In her recent Mercer Island Reporter piece, Representative Judy Clibborn claims concern about the effects that I-90 tolling will have on Mercer Island residents, businesses and employees. However, her expressed concern about the deleterious effects of I-90 tolling on Mercer Island is seriously undercut by her roll-out of a $10 billion transportation funding package that allocates not a single dime towards SR-520 construction. Instead, a $1.4 billion funding shortfall will be borne entirely by those travelling on I-90.
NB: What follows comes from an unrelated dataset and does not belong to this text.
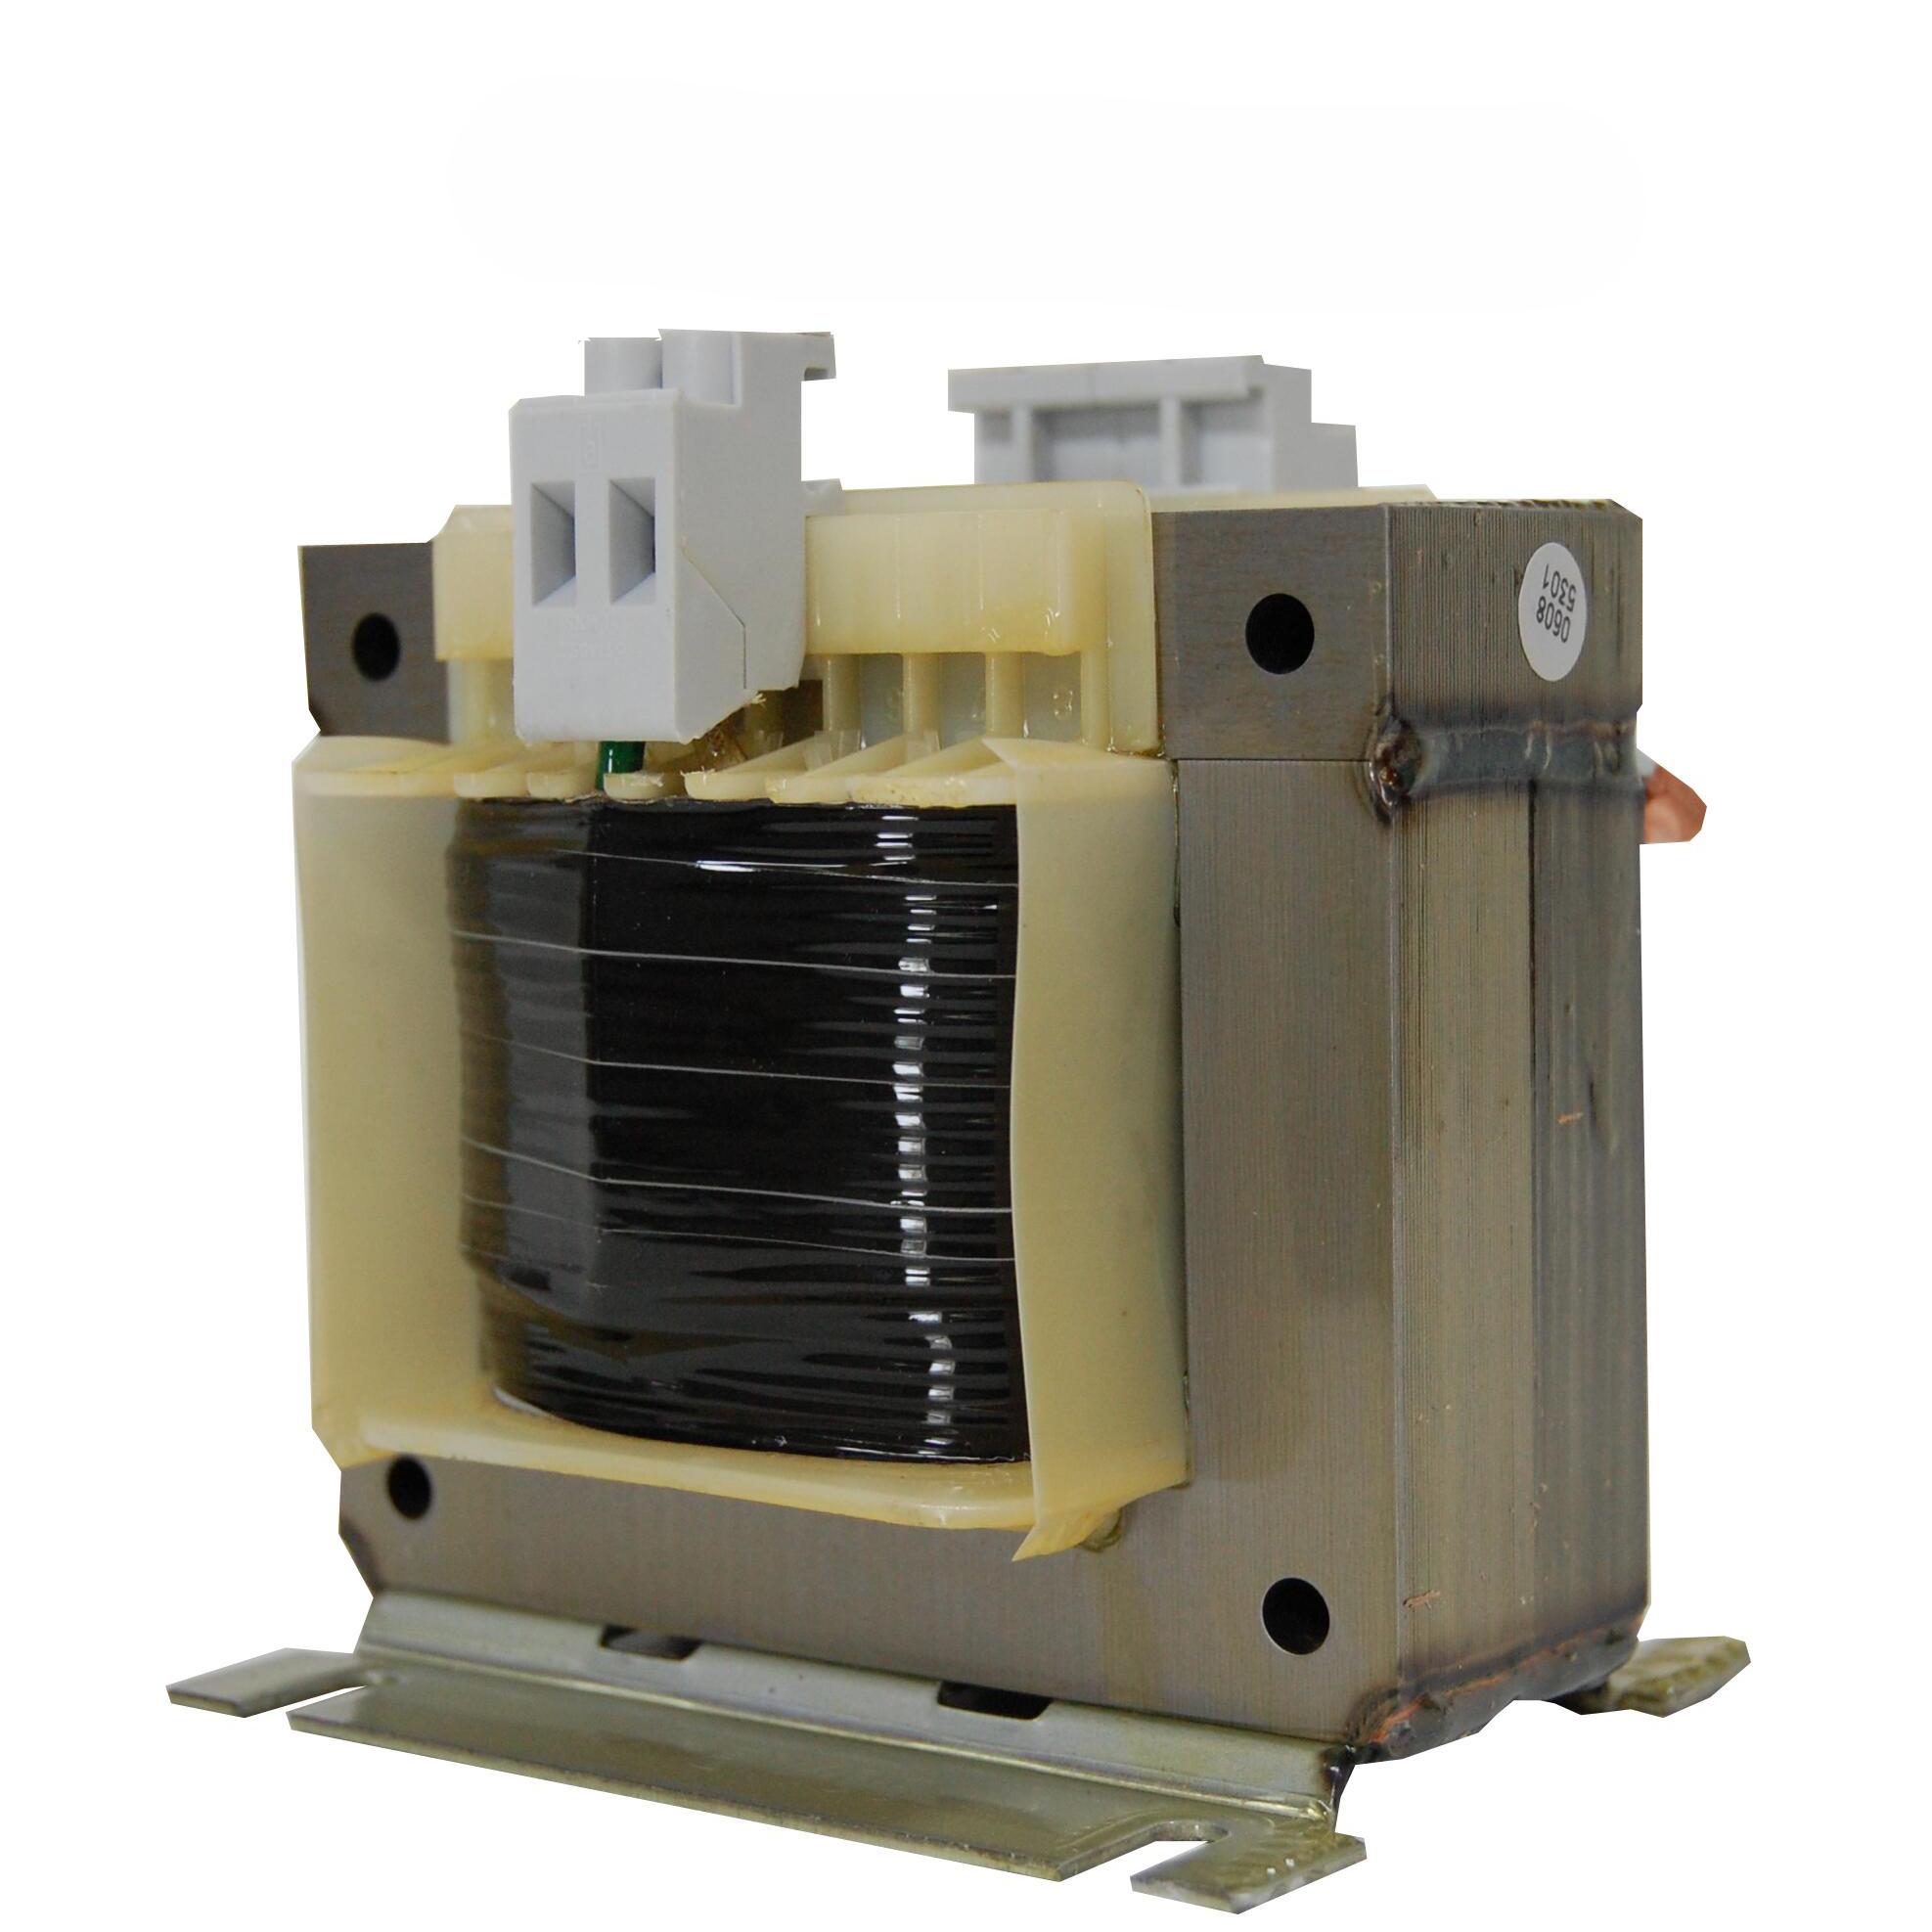 1 Stk Einphasen Steuertransformator 400/230V, 250VA, IP00 LP604025T-

To decrease that burden, Rep. Clibborn has sponsored HB 1945, outlining possible I-90 toll protection for MI residents. Yet, the bill only directs WSDOT to “explore options to mitigate any disproportionate impact” of tolling. Presently unknown are where this exploration will lead and whether or not that mitigation will be permanent. Once tolling is established, the same gantries that offer free passage one year can be easily reprogrammed, at the drop of a budgetary shortfall the next year, to collect full fare from all travelers.
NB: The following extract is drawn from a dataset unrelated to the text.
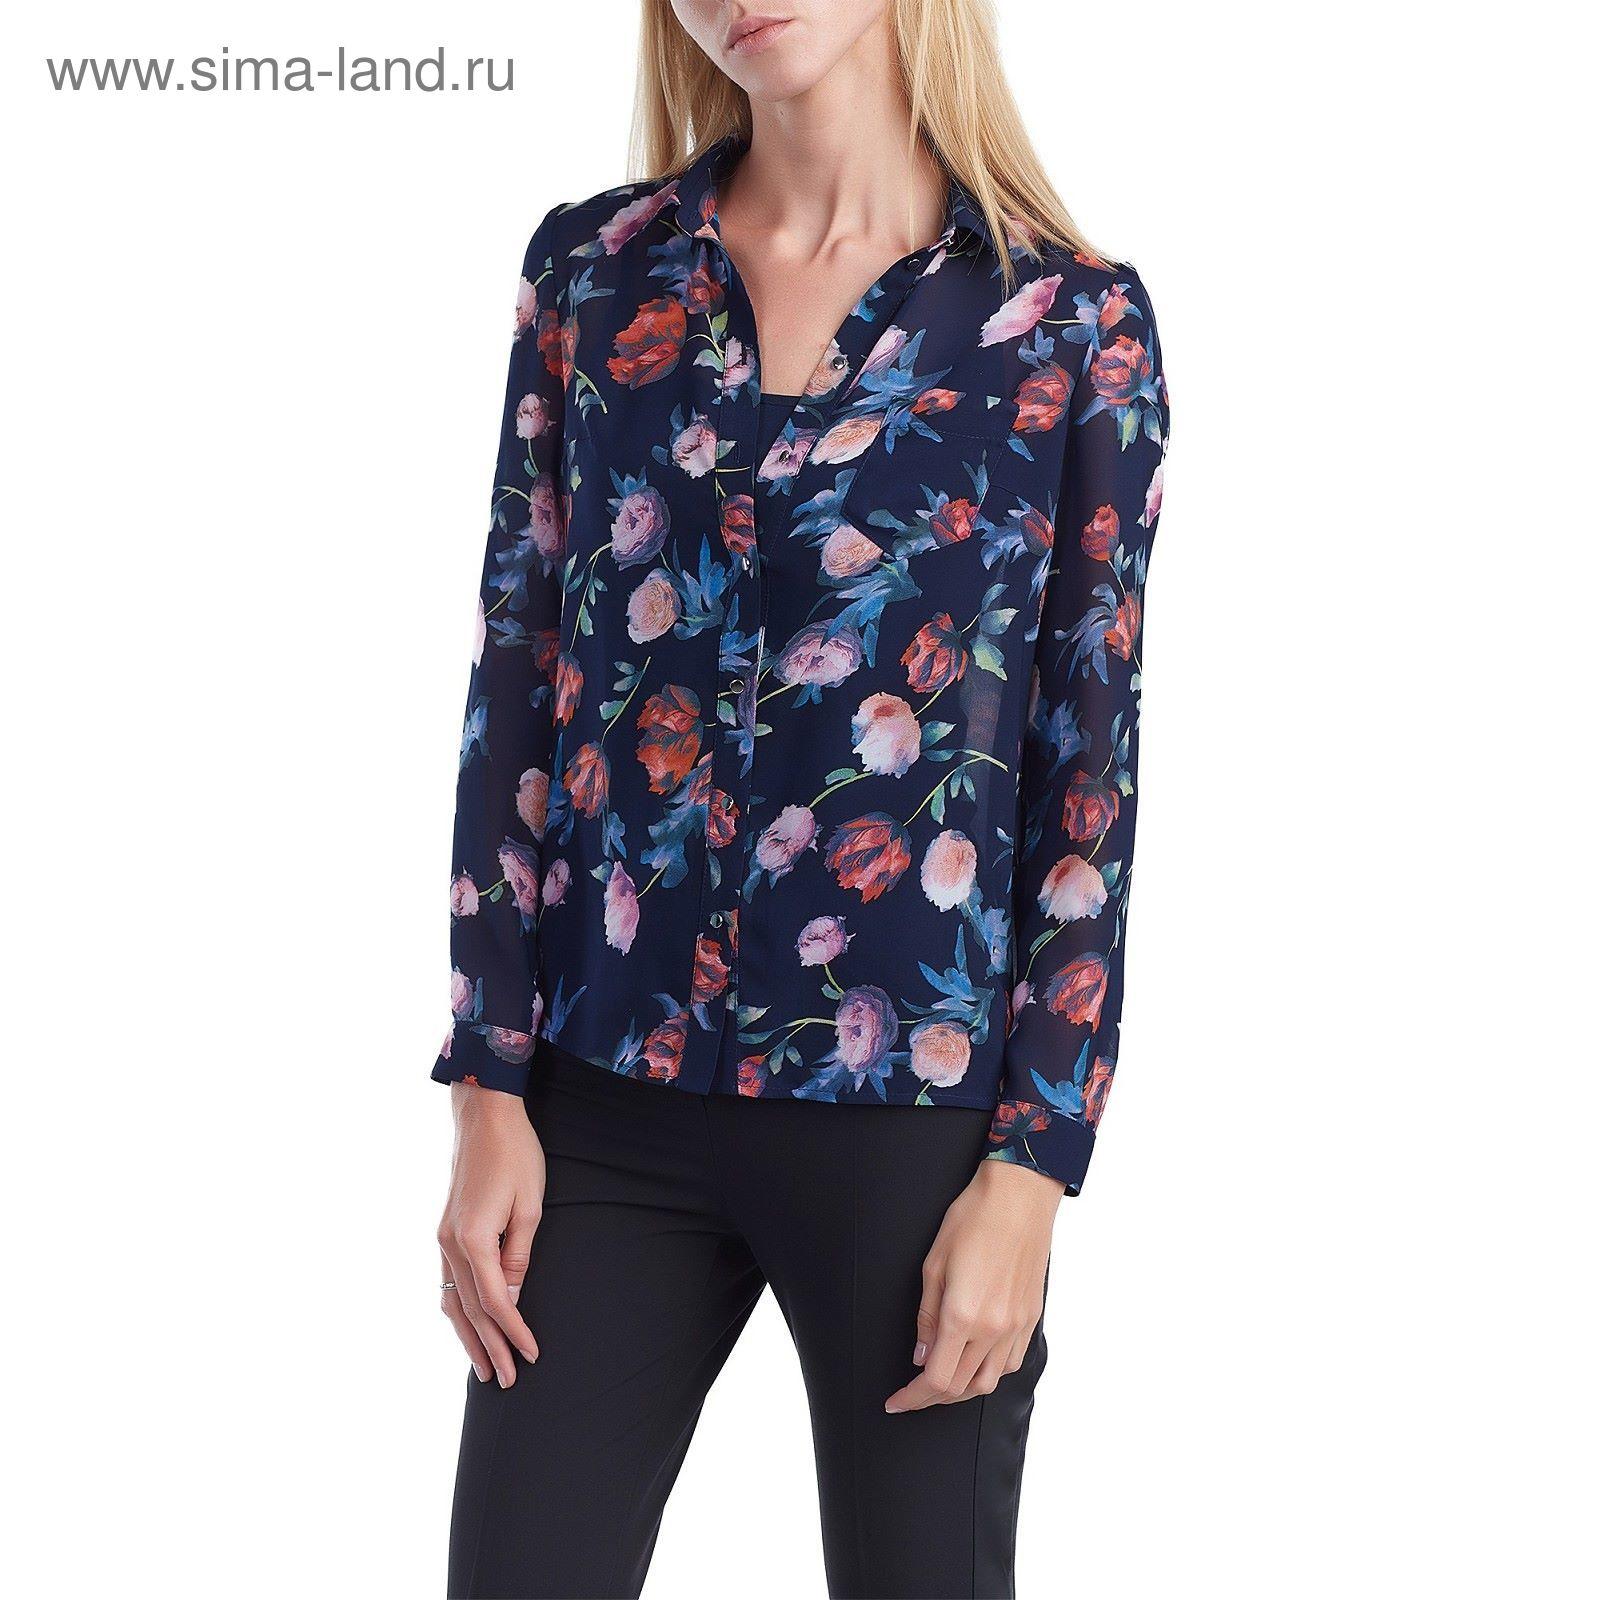 01ded1026ee0 Блуза женская 160821-9277-4 темно-синий, р-р 48 (1918725) - Купить ...

Furthermore, by appearing to mitigate Mercer Islanders’ I-90 tolling concerns, HB 1945 undermines the need for a full environmental impact study to comprehensively analyze the impacts of tolling I-90 on the entire Puget Sound region and I-90 corridor.
Additionally, Rep. Clibborn’s claim that the current tolling plan involves tolling only the floating section of I-90 is contradicted by a WSDOT presentation in the 2008 SR-520 Tolling Implementation Committee Report, in which segmented tolls, both on the east and west approaches of MI, are offered as alternatives 3 and 4 (www.wsdot.wa.gov/Partners/Build520/documents/FINALOpenHousePresentation_Nov08.pdf). Indeed, the current WSDOT website (www.wsdot.wa.gov/Tolling/I90/I90EALocation.htm) shows three potential gantry sites, including the East Channel Bridge. At the Jan. 7, 2013, Mercer Island City Council meeting, WSDOT’s tolling director, Craig Stone, and Judy Clibborn offered no clarification on the final plans.
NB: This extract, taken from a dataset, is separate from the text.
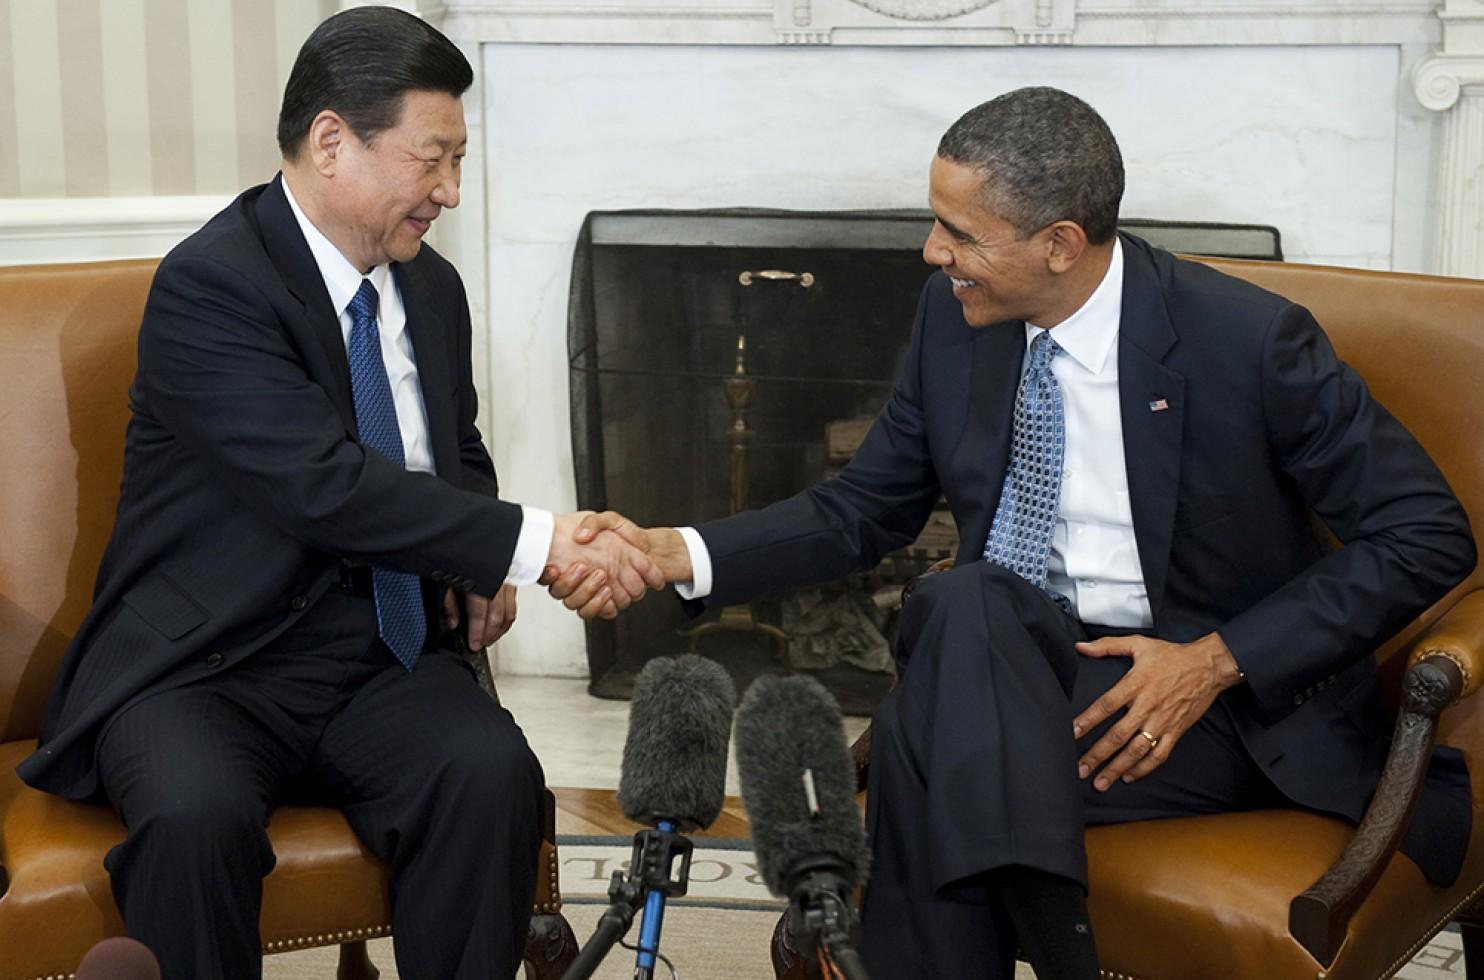 博谈网|为什么一名共产党独裁者会是世界上最受欢迎的领导人

Unfortunately, users of I-90 do not know what to believe. In her recent MIR article (March 6, 2013), Rep. Clibborn states, “The decision to toll I-90 was set in motion in 2009…” Yet, in early 2008, Rep. Clibborn sponsored ESHB 3096, which required WSDOT to work with FHWA “to determine what steps would be needed to toll the Interstate 90 bridge,” not the floating bridge. Then, in the Seattle Times on March 13, 2009, she declares that tolling I-90 “…isn’t on the table and it won’t be,” since it would be unfair to force drivers using one bridge to pay for something they are not using (http://o.seattletimes.nwsource.com/html/politics/2008739571_520bridge13m.html).
Mercer Island employees, students, residents and all who use I-90, from Seattle to Spokane, are owed the truth. Judy Clibborn’s mitigation proposal is no solution for Mercer Island, just as tolling I-90 is neither an answer for a pervasive shortage of transportation funding or for traffic congestion. Funneling of funds from an existing interstate to fund another project sets no limit on expenditures, establishing a flawed precedent for the entire country. Piecemeal tolling, adding portions of roads to the tolling menu, will increase congestion as drivers shift routes seeking less expensive options. A better solution would be state and regional transportation funding packages that spread costs more broadly, accompanied by trimming unnecessary expenditures.
I-90 users must not resign themselves to the unprecedented tolling of an existing interstate highway to fund another project. The decision to toll I-90 may have been set into motion, but we must let our legislators hear that such a precedent is unacceptable.
Eva Zemplenyi is the co-chair of NotollI90.org.